Most crawlers aim to follow the same rules as the search engine spiders, and this includes adhering to the directions in the robots.txt file.

Therefore, if your site is set to show the following, it will not crawl beyond the first page:

useragenty

This often happens in the case of crawling a staging environment before it goes live.

You will see that the crawl returns 1 URL that is shown in the Disallowed URLs report.
 

Correcting the Issue with Lumar

Using the ‘Advanced Settings’ at the bottom of Step 4 in the crawl setup, it is possible to overwrite the robots.txt file, and allow Lumar access to blocked URLs.

By adding in the following settings, Lumar will then follow the rules set out in this section – as opposed to the live file:

How to fix failed crawls in Lumar - Robots.txt file
 

JavaScript or iFrame Links

When crawling pages on a website, the crawler will either begin the crawl from the base domain, or from the URLs entered in the Start URLs setting. If no links are encountered on the first page it reaches, then the crawl will not be able to continue.

If the start URL is generated dynamically using JavaScript, then there may not be any discoverable links in the HTML that the crawler can follow. This is also the case when the links on the start URL are within an iFrame.
 

Correcting the Issue with Lumar

If this is the case for all the starting URLs in the project, then the crawler will not be able to crawl the site.

However, if only the first URL is affected, it is possible to rectify the issue. By using the Start URLs section in the Advanced Settings, you can ensure that the crawl begins on a page where the links are neither in an iFrame or on a JavaScript generated URL.

Once again, you can use the ‘Start URLs’ setting, and start the crawl from a section of the site that bypasses the restriction.

How to fix failed crawls in Lumar - JavaScript of iFrame links

This means that you will be able to discover and follow these links, and your crawl will complete successfully.

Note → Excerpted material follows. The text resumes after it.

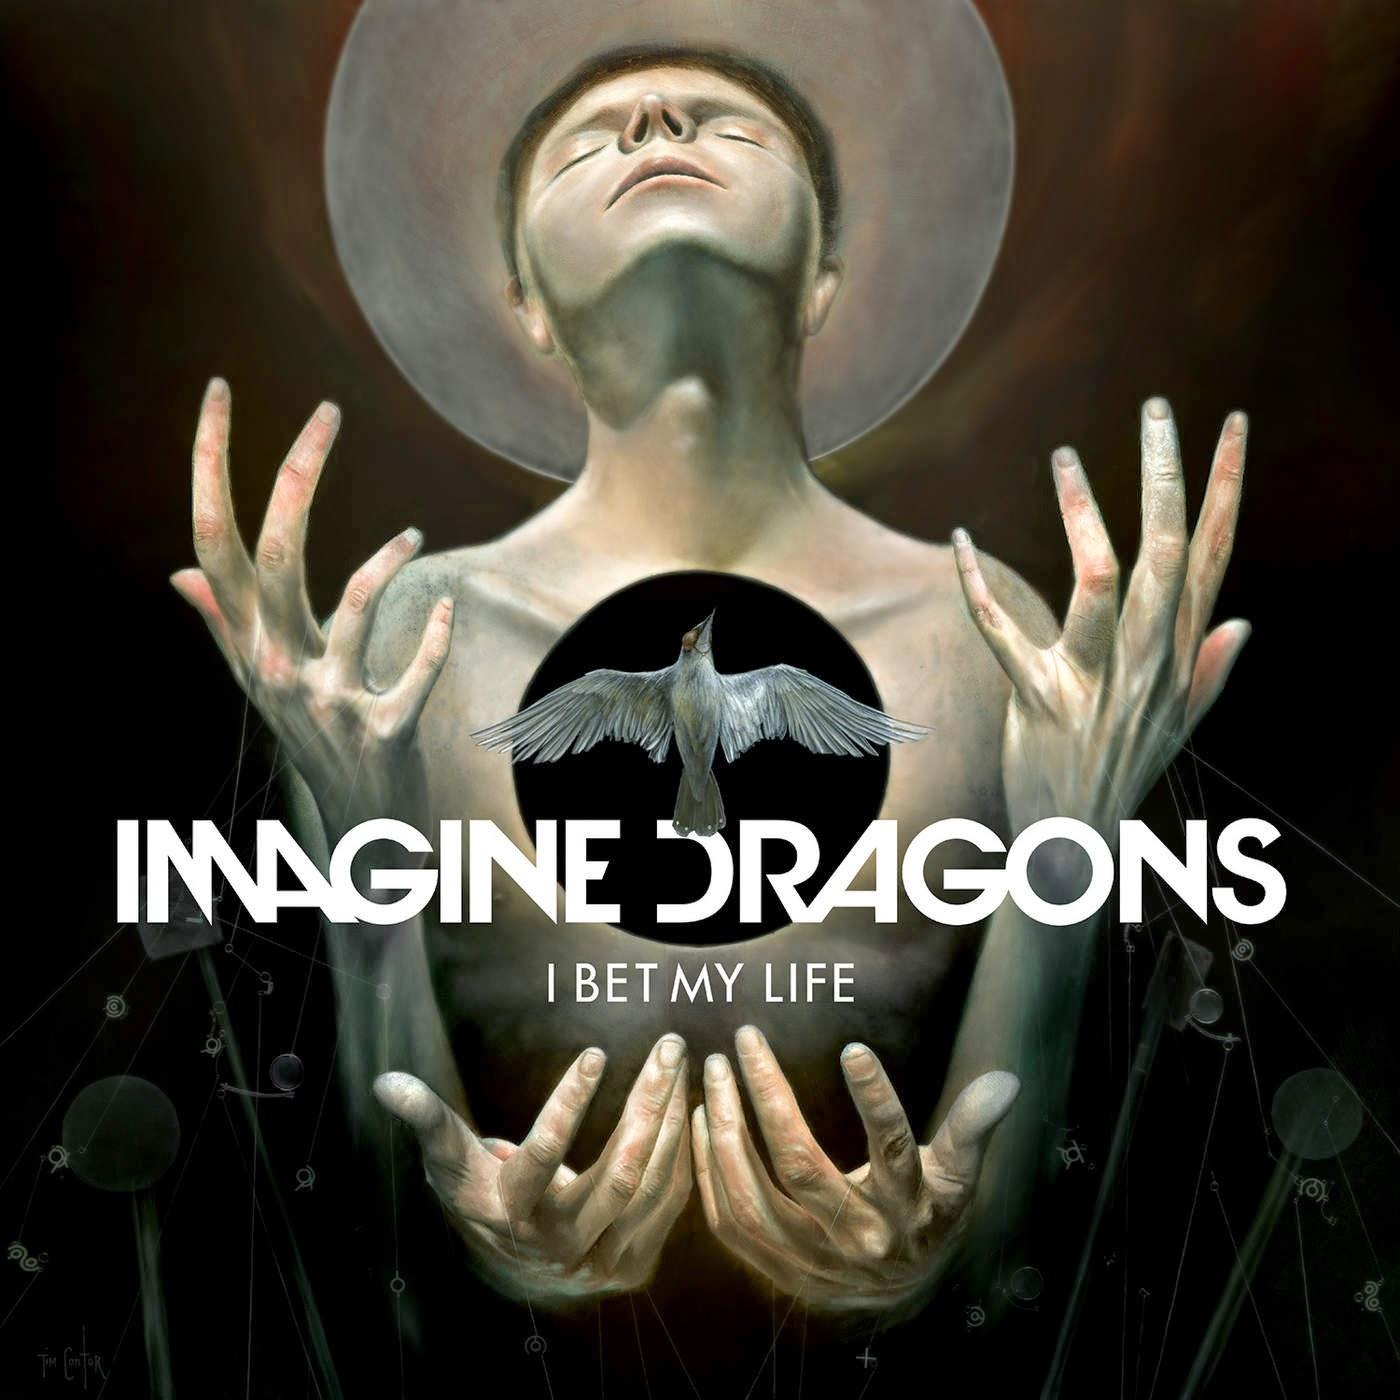 Download Imagine Dragons - I Bet My Life 2014 MP3 Música

It is worth bearing in mind that should the crawler encounter additional pages that are JavaScript generated, it will not be able to continue. It is therefore still possible for the web crawl to miss sections of a site.
 

First URL has no links

Sometimes, the issue is that there are simply no links on the first page. This might occur when this page has some type of restriction to visitors. For example, an age restriction on alcoholic beverages:

guiness

The crawler will likely return 1 indexable URL with a 200 status code. It is also likely to be a unique page.
 

Correcting the Issue with Lumar

Once again, you can use the ‘Start URLs’ setting, and start the crawl from a section of the site that bypasses the restriction.

How to fix failed crawls in Lumar - JavaScript of iFrame links
 

User Agent or IP Address Blocked

If your crawl has encountered only one URL, and that URL is returning a connection error, it may be that the crawler is being blocked. This is usually done in one of two ways: by blocking either the User Agent or the IP address.

For instance, your site may be set up to automatically block user agents that are not Google (or other search engines.) Alternatively, the site may have implemented a firewall, calibrated to block the IP address from which the crawl originates.
 

Correcting the Issue with Lumar

In the case of the block occurring via the user agent, you can try selecting a different user agent from the available list, or use your own custom user agent, as shown below:

How to fix failed crawls in Lumar - User agent or IP address blocked

If it is the IP address that is blocked, find the IP address in ‘Crawler IP Settings’ in ‘Advanced Settings’ and give it to your network administrators to be whitelisted.

How to fix failed crawls in Lumar - User agent or IP address blocked
 

Crawl Settings

It’s possible that the crawl setup is causing only 1 URL to be returned.
 

Incorrect Base Domain

When you enter the base domain into the Project Settings during crawl setup, Lumar will automatically check the domain and alert you if it is either redirecting or not responding.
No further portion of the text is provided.